Mair sighed. His father, his family and their neighbours had never described him as a pretty boy. He was accustomed to being compared to his other brothers and found wanting in the comparison. He had found solace in books, in improving his accomplishments such as the pianoforte and singing. However, since the marriage of his two older brothers, John and Elijah to wealthy, respectable ladies, and the marriage of the youngest, Lydior, to a wastrel of a woman, he had been required by his father to accompany him in lieu of the other brothers. Mair had always hated going on these visits before, because at some point he would always hear himself compared to John and Elijah most unfavourably.

His father would shake his head and say, 'At least, four out of five of my boys are pretty.'

Mair knew that his father and his cronies did not regard as being well read, or well behaved as any sort of compensation for lacking the all-essential physical beauty. His father had been a beauty in his youth.

He knew that his father had pinned all his hopes on John and Elijah making good marriages to save them from the poverty that would ensue when Miss now Mrs. Collins inherited their home and property. Those hopes had been miraculously realised and there was far less pressure on Mair and his younger brother, Kit to make good marriages. Their father was still determined to marry them off however, as he regarded being a spinner, an old lad, an elderly unmarried gentleman, as the greatest crime in the world although he doubted his ability to do so for Mair.

Mair reflected that much had improved for him since the marriages of John and Elijah. Their father's famous nerves far less afflicted him although there seemed to be no diminution of his silliness. That too, was a reason to consider marriage, the prospect of a lifetime spent with his father did not appeal.

Mair now had a much larger bedroom as he had been allowed to swap to the one that had belonged to John and Elijah prior to their departure from the house.
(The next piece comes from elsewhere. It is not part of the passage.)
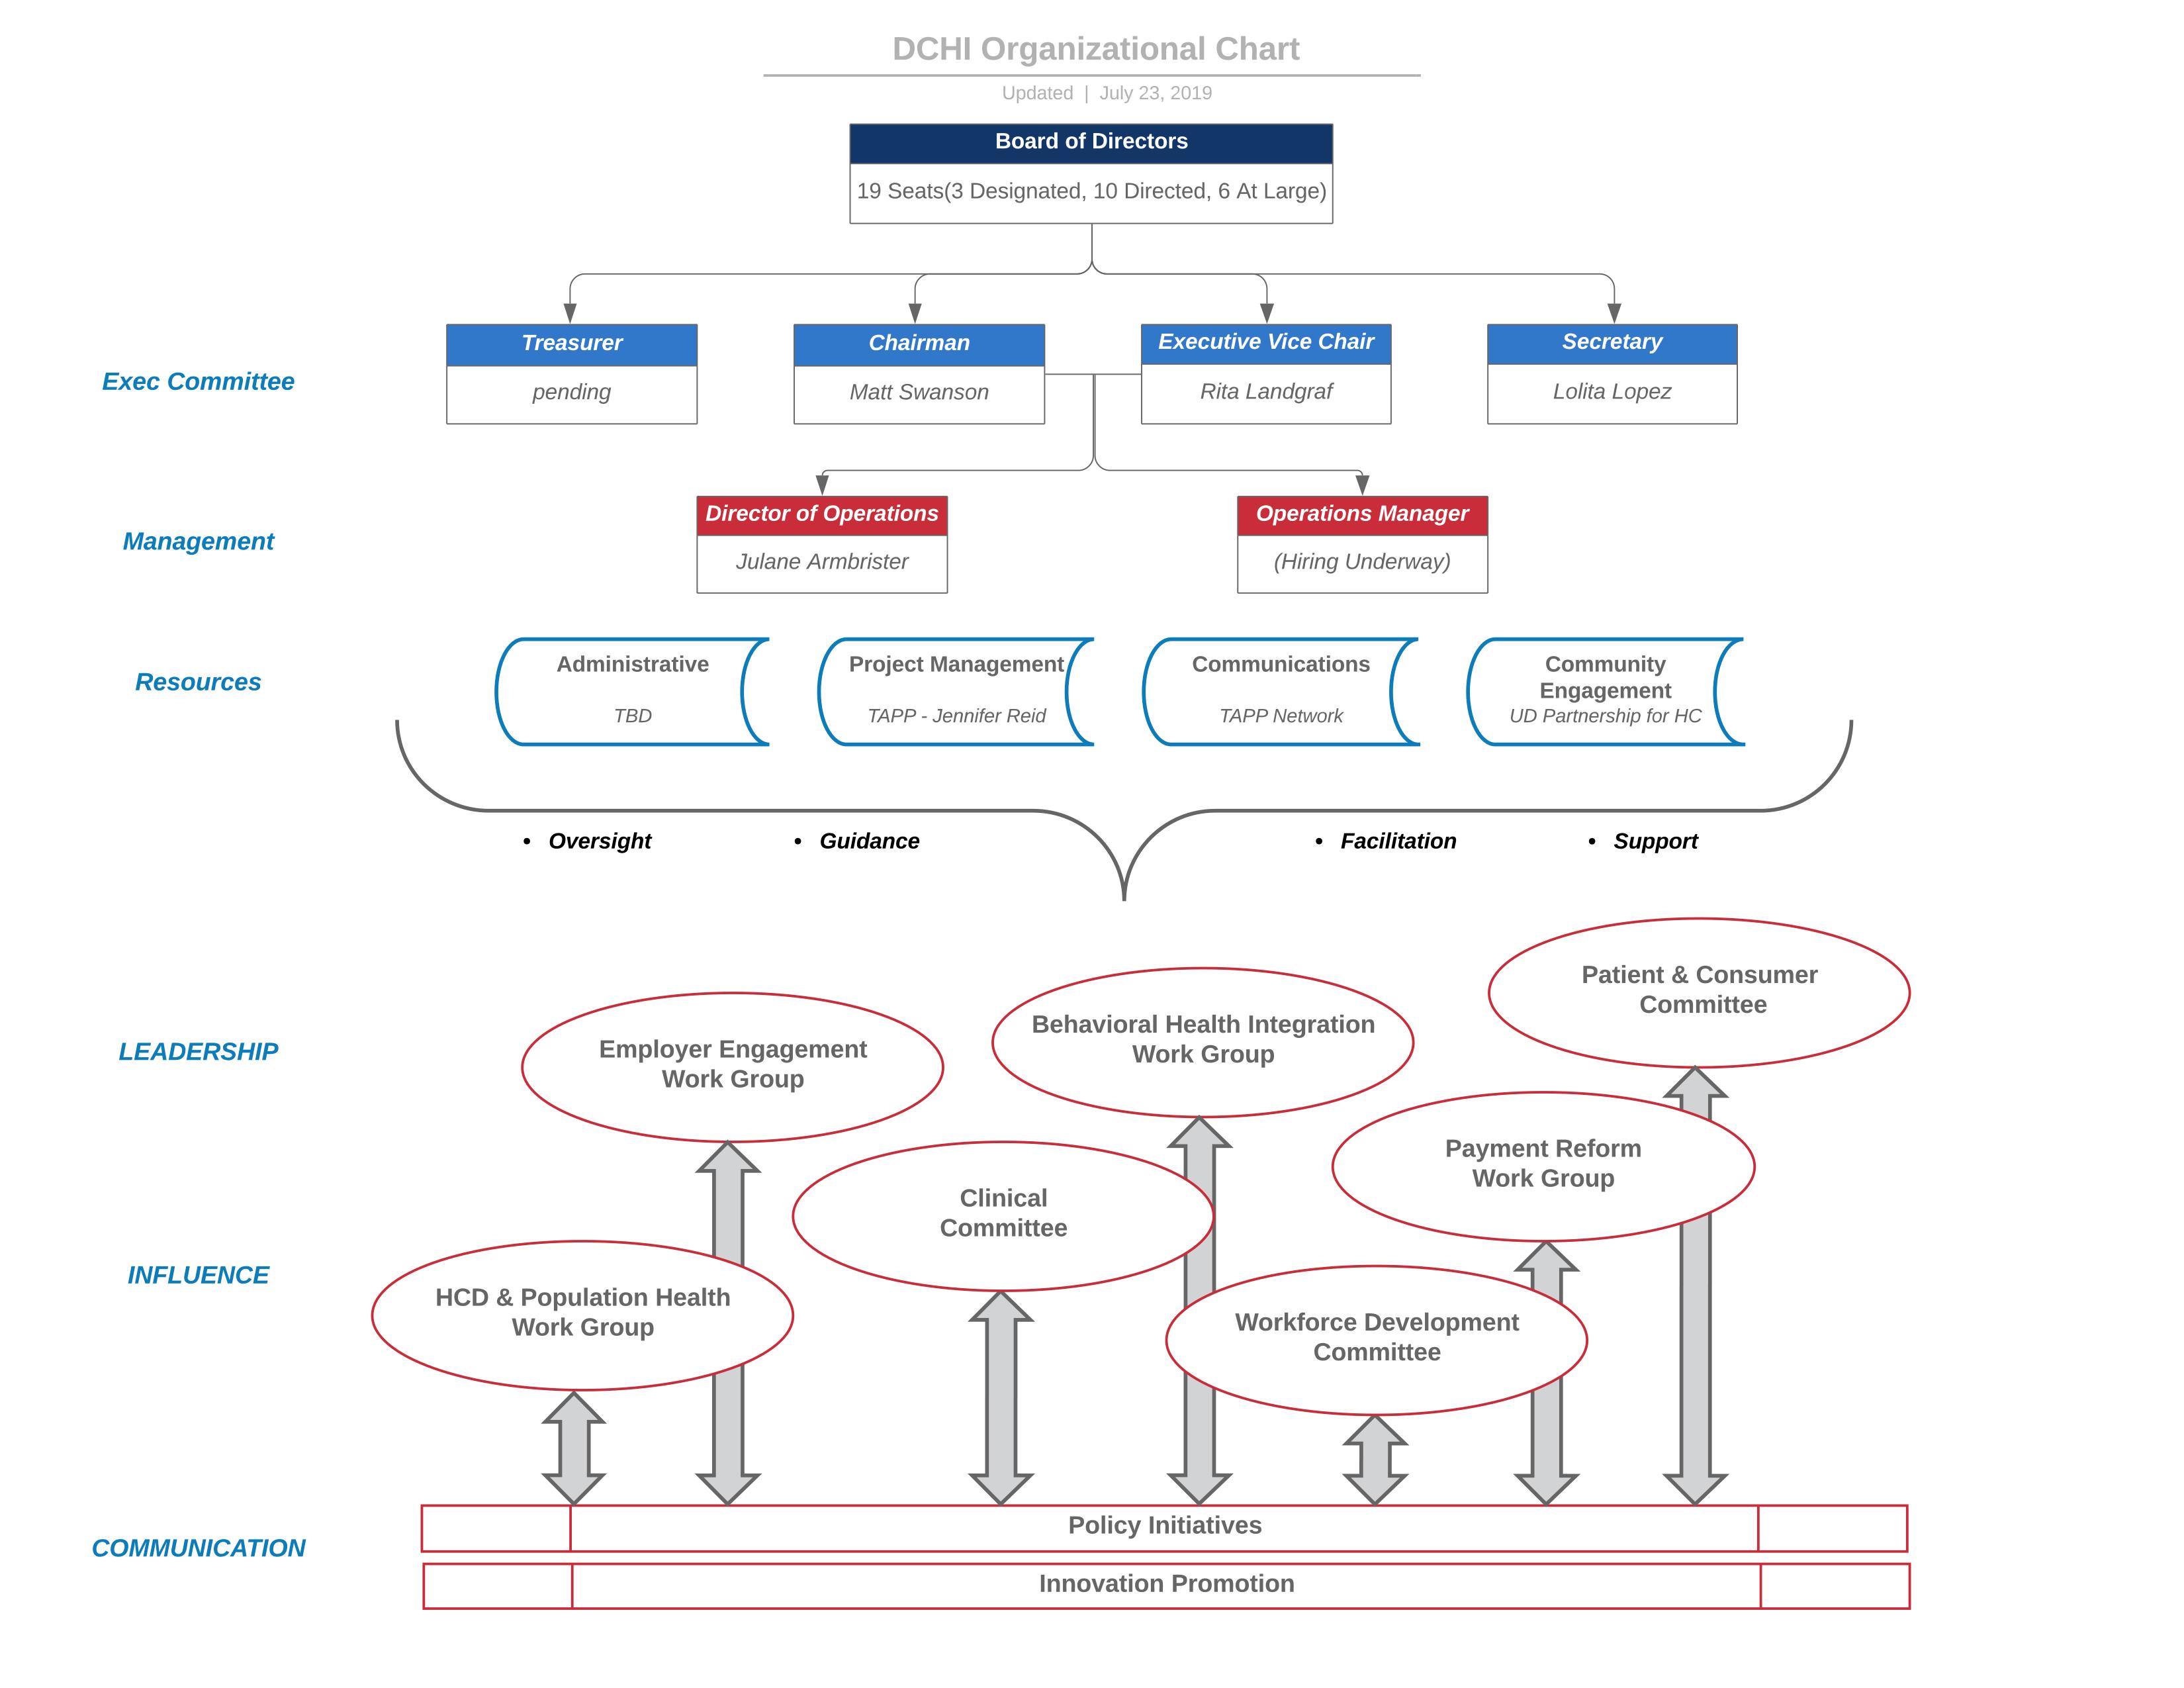 DCHI Organizational Overview 7.23.19 (2)

Their father had told him that if either John or Elijah came to stay with their husbands, he would have to give up his bedroom for the duration of the stay but it had been eighteen months since the marriages and Mair felt that this inconvenience was unlikely to happen soon.
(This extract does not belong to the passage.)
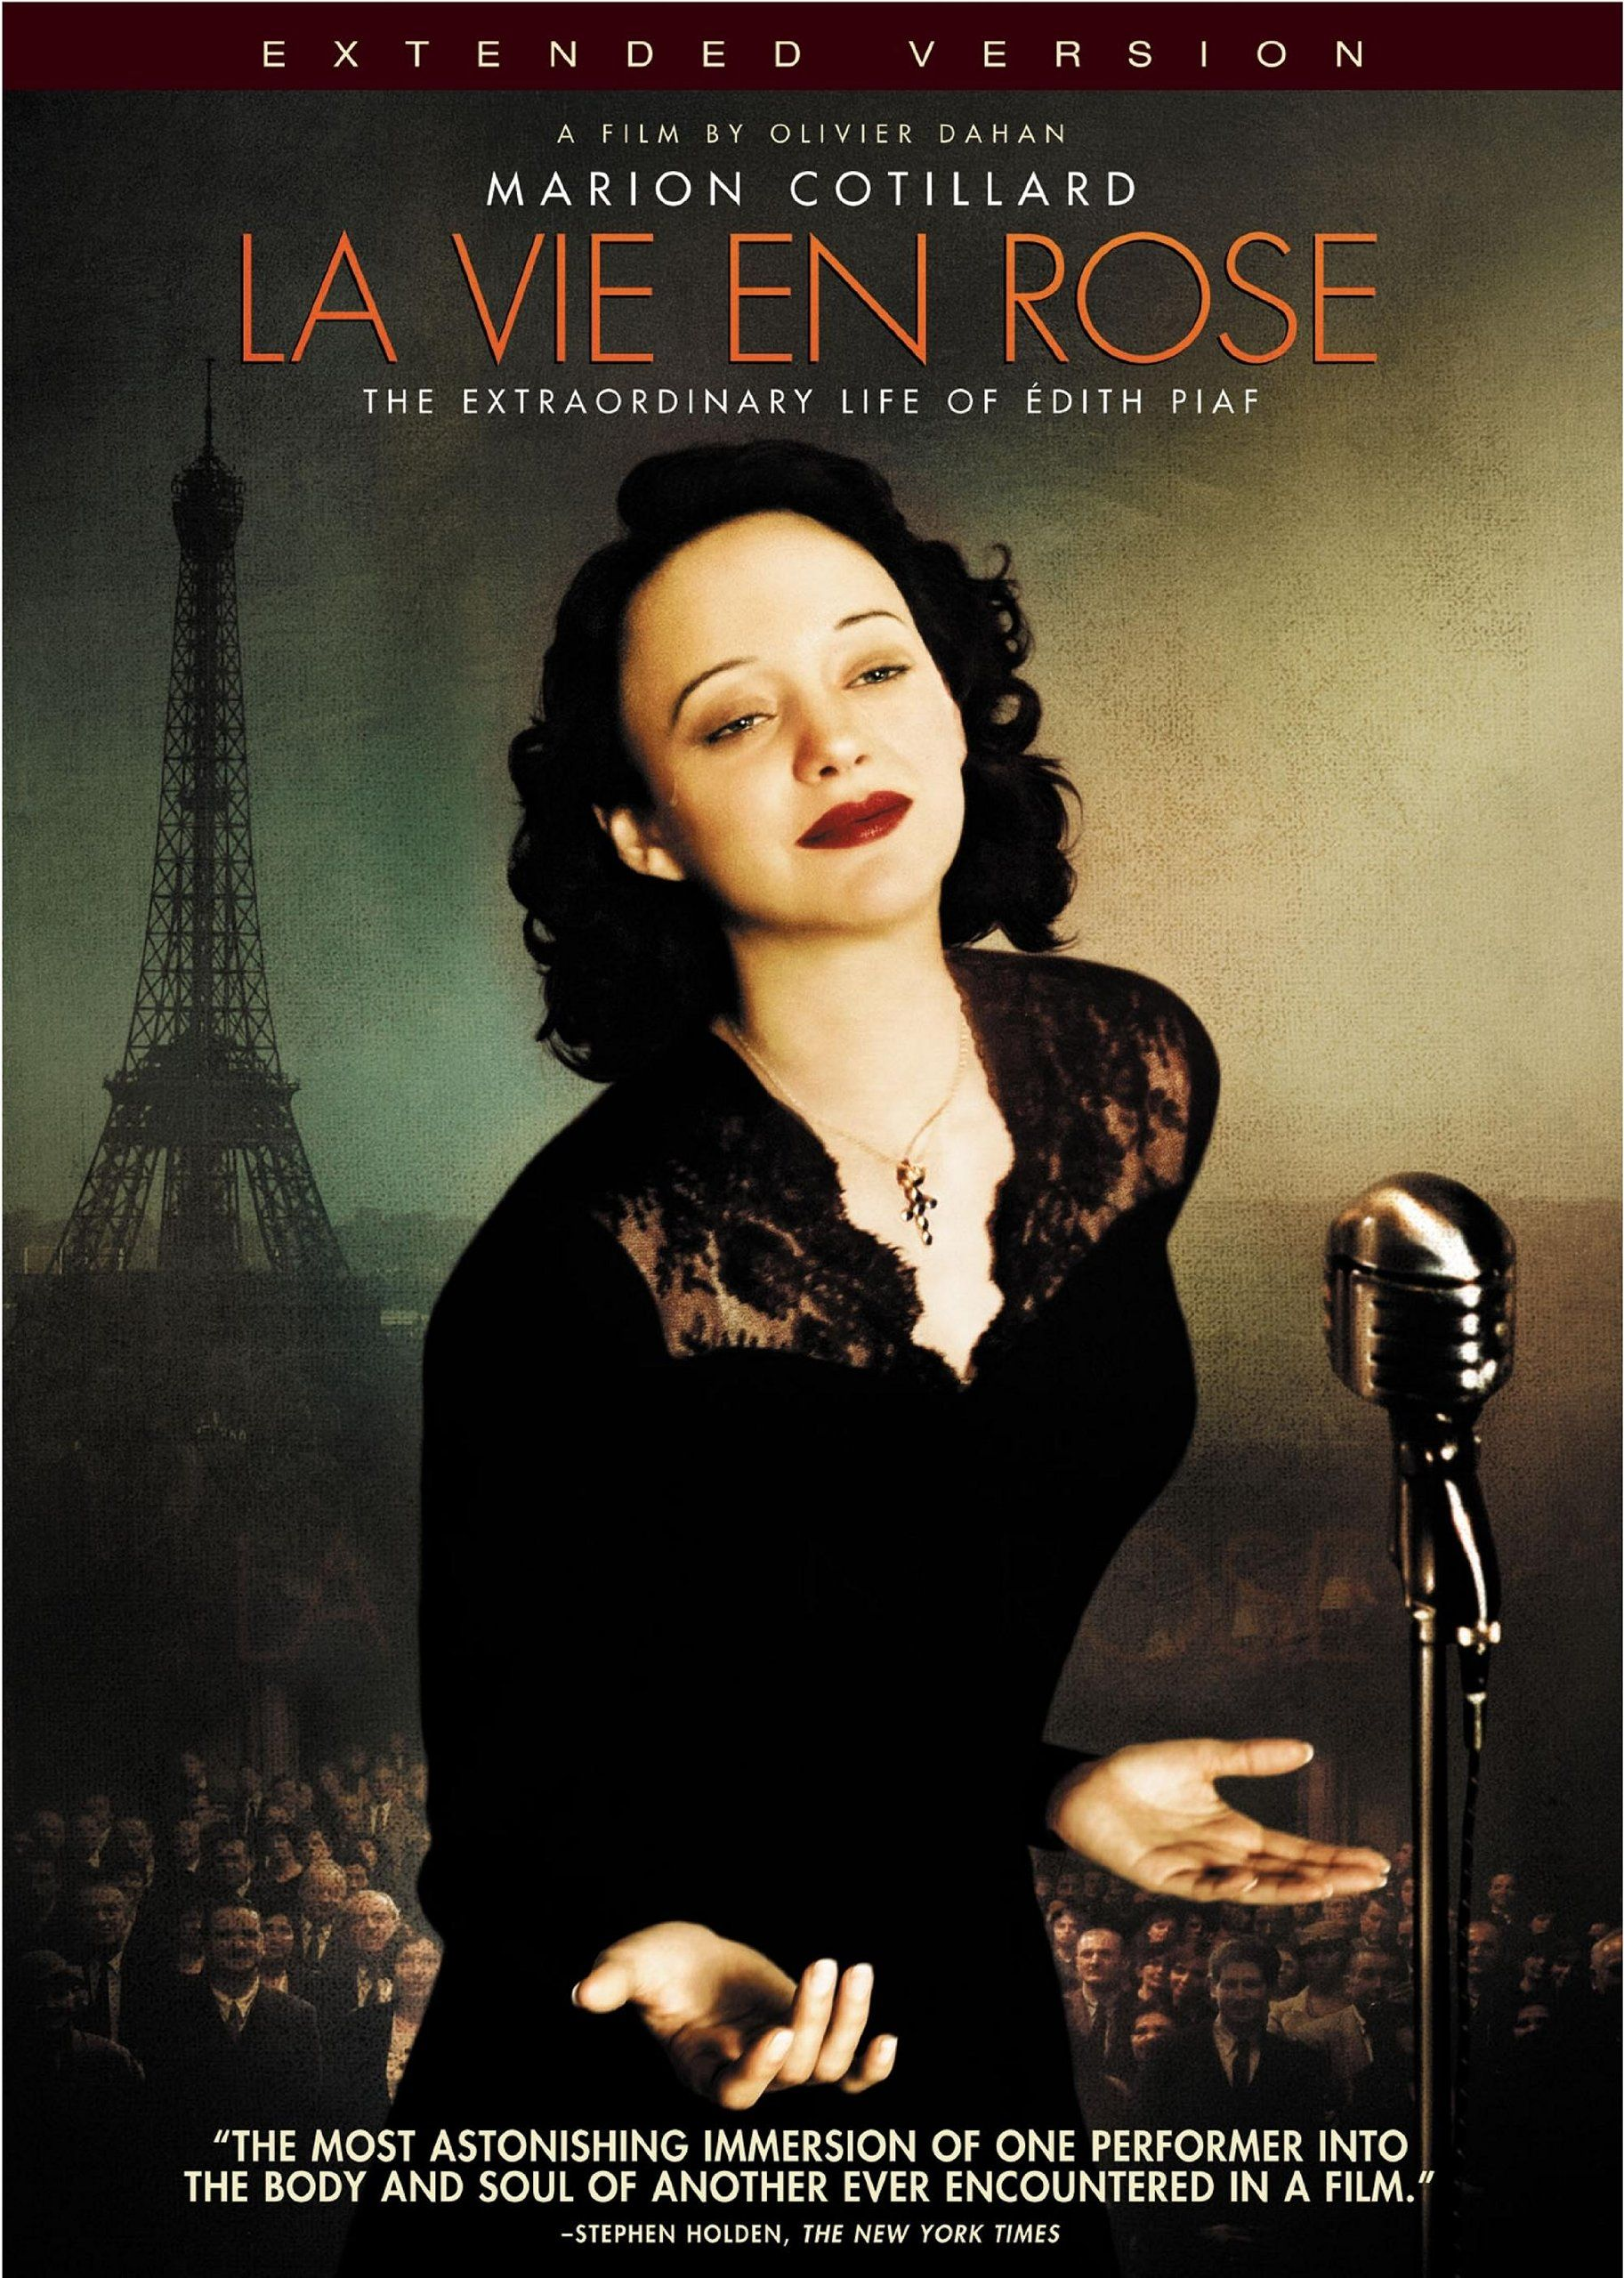 Je Parle Francais La Vie En Rose Cine Frances Las Mejores Peliculas Para Aprender Frances Movies La Vie Film

He could hear his father calling, 'Mair! Mair! Where are you? Hurry up, we must be away to my brother Philips or we will miss the start of Loo.

'What a disaster that would be,' Mair muttered before calling, 'Coming, father.'

He took one last look in the mirror, sighed again and left the bedroom.

Mr. Bennet and Kit were in the process of going outside to the carriage. Mair followed them out and was handed up into the carriage by the groom. He thanked her politely. His mother was as usual, nowhere to be seen, ensconced in the library.

As the carriage jolted along, Mair looked at Kit seated opposite to him. He would never get married, he decided until Kit was married off. Kit was slim and pretty with long brown hair and sparkling, dark eyes. He resembled Elijah whereas Lydior was a shorter, fatter, more vivacious version of John. Kit's sea green gown set him off to perfection. It occurred to Mair that perhaps he should take more of an interest in his dress and in the colours that he habitually dressed in. He looked down at his mud brown gown, very practical but perhaps not very attractive. Ladies did seem to appreciate a gentleman who dressed becomingly. He made a mental note to compile a list of factors to consider when trying to obtain a wife. It also occurred to him that Kit and his father could be his allies in his campaign to wed a lady. They would definitely be interested in the subject of suitable and attractive attire.